#### Source material:

=-=-=-=-=

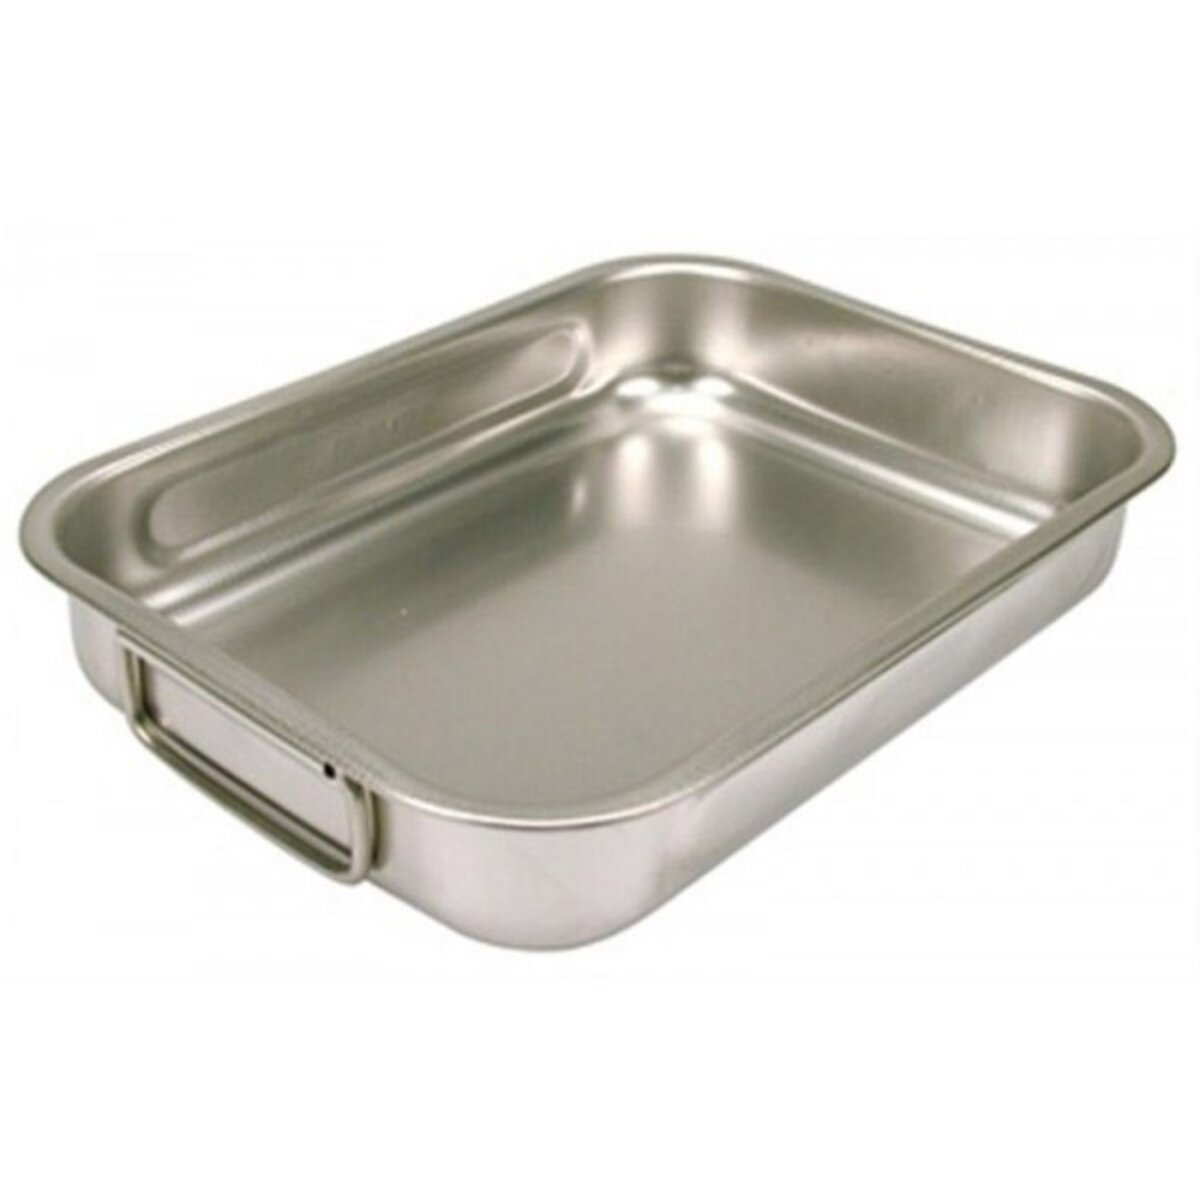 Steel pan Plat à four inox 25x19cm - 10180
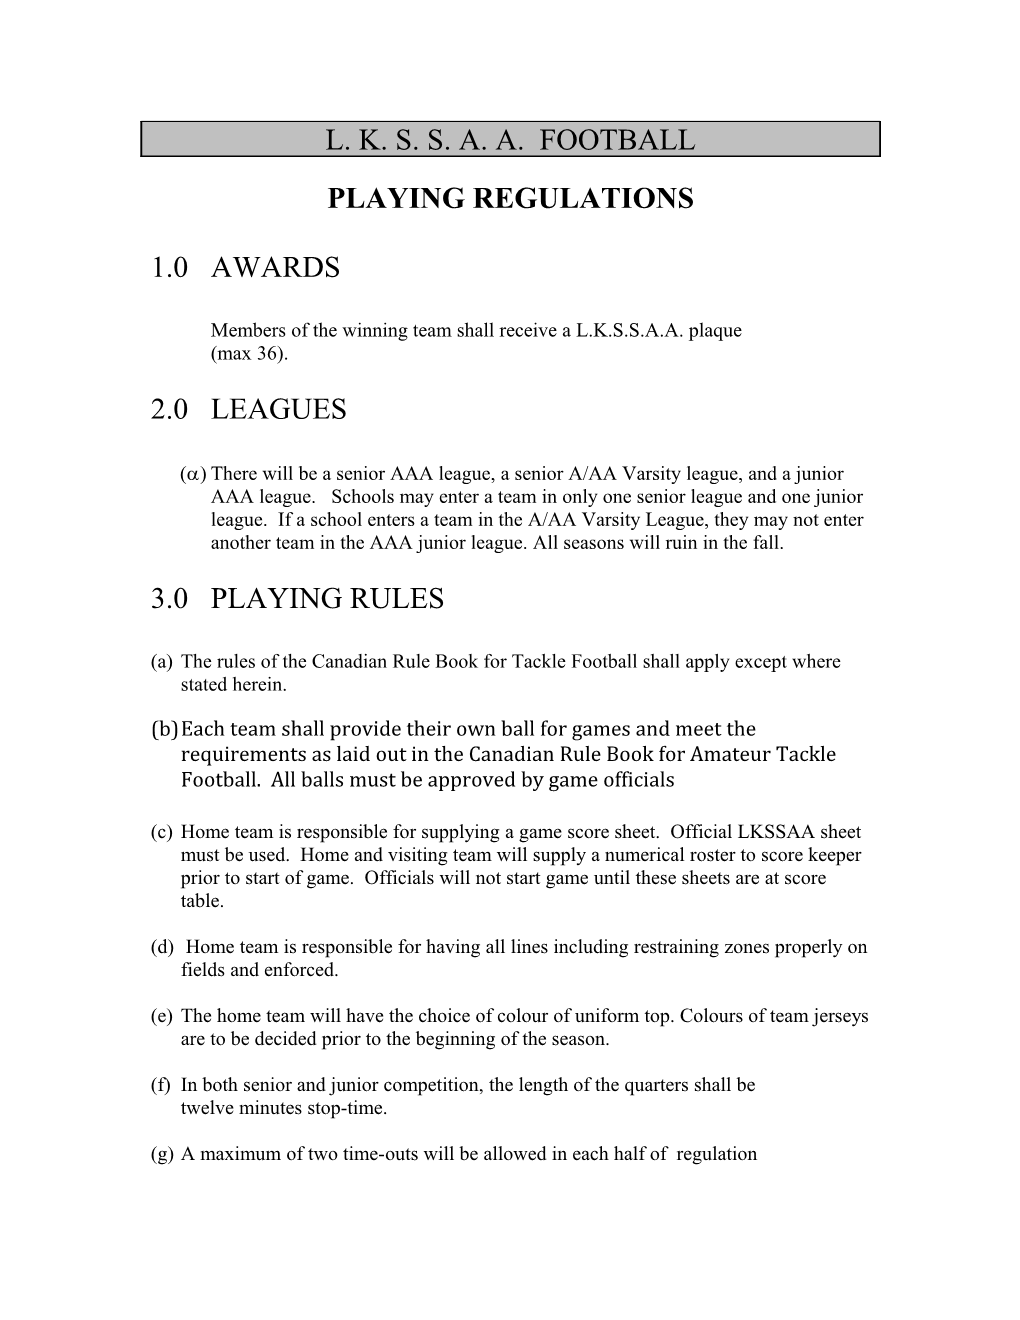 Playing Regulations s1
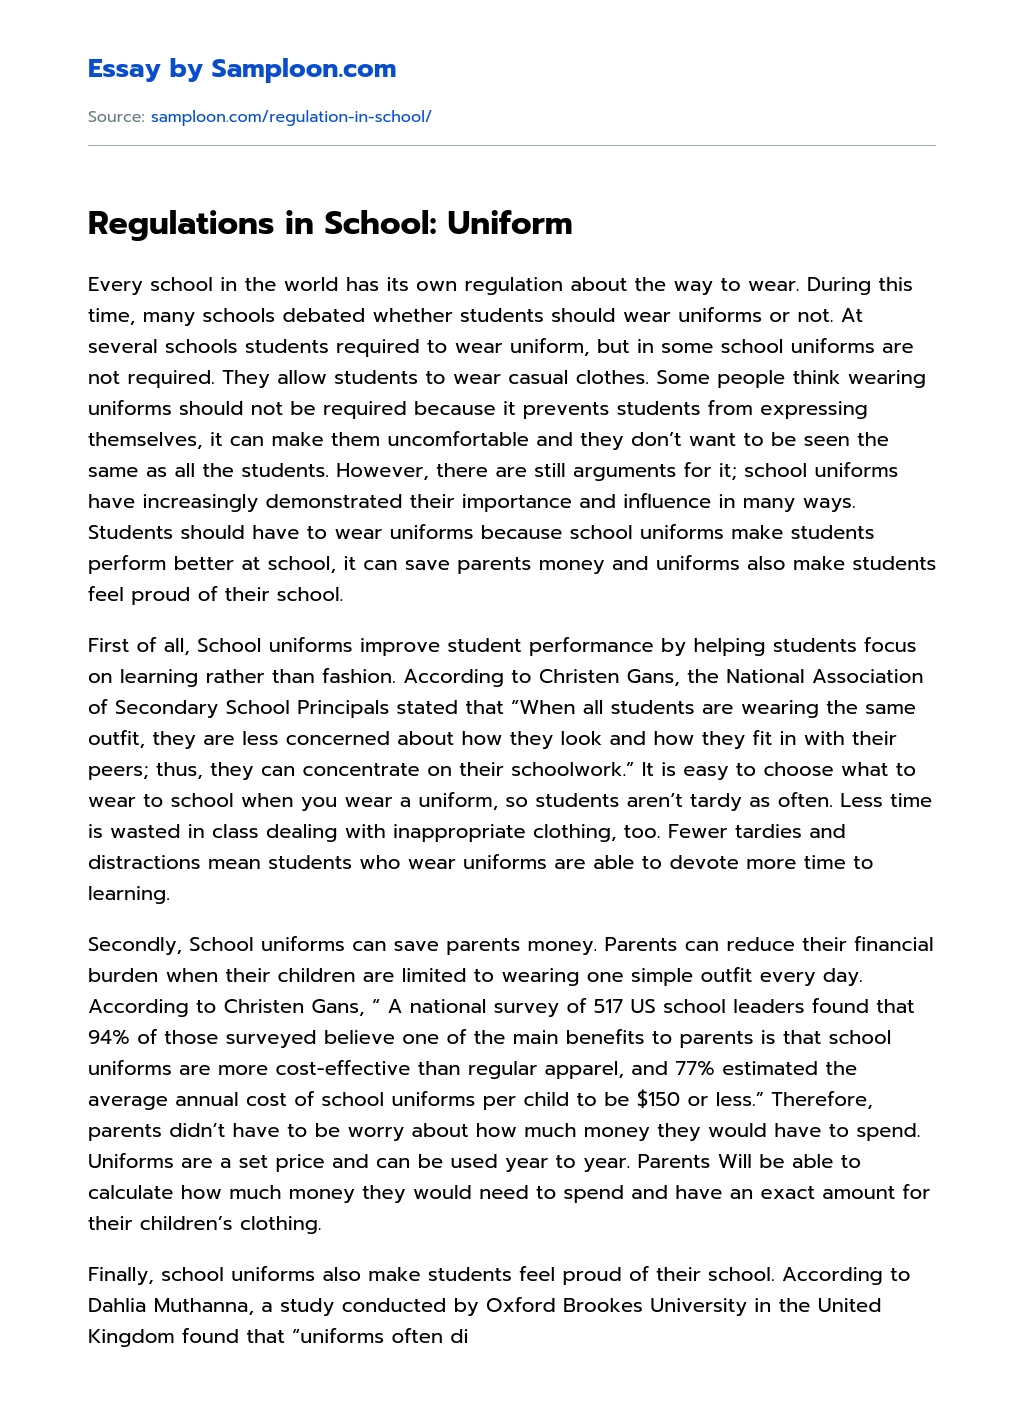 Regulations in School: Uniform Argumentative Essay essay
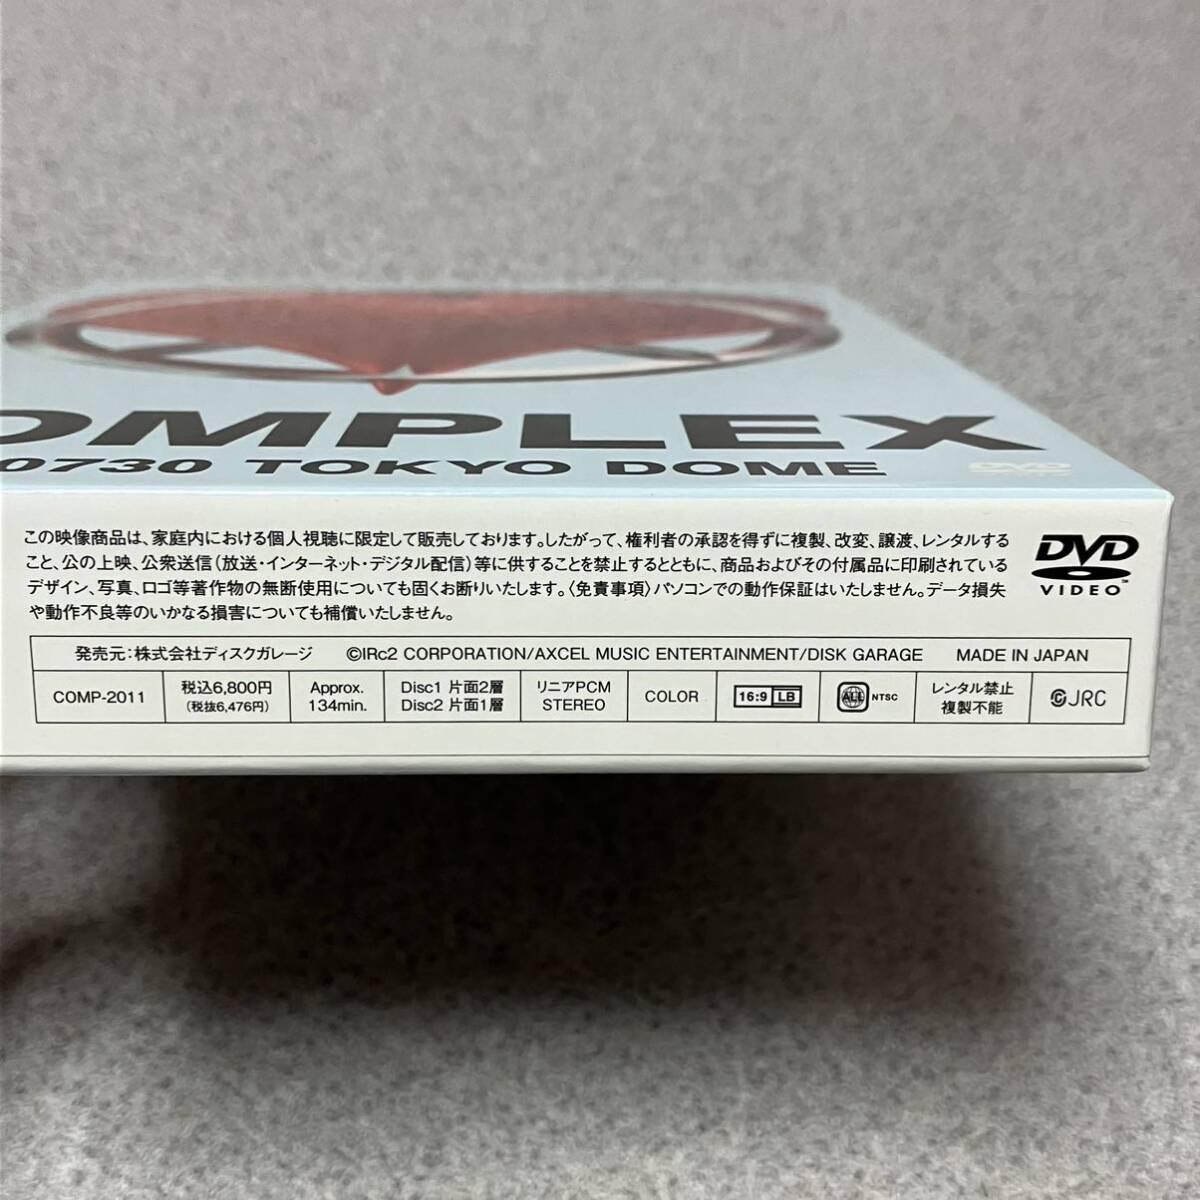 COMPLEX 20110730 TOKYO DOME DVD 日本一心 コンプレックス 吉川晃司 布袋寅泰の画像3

=-=-=-=-=

#### Brief:
Reproduce all the data as it stands. The pictures are not part of the copy.

#### Response for this exercise:
 Steel pan Plat à four inox 25x19cm - 10180
 Playing Regulations s1
 Regulations in School: Uniform Argumentative Essay essay
 COMPLEX 20110730 TOKYO DOME DVD 日本一心 コンプレックス 吉川晃司 布袋寅泰の画像3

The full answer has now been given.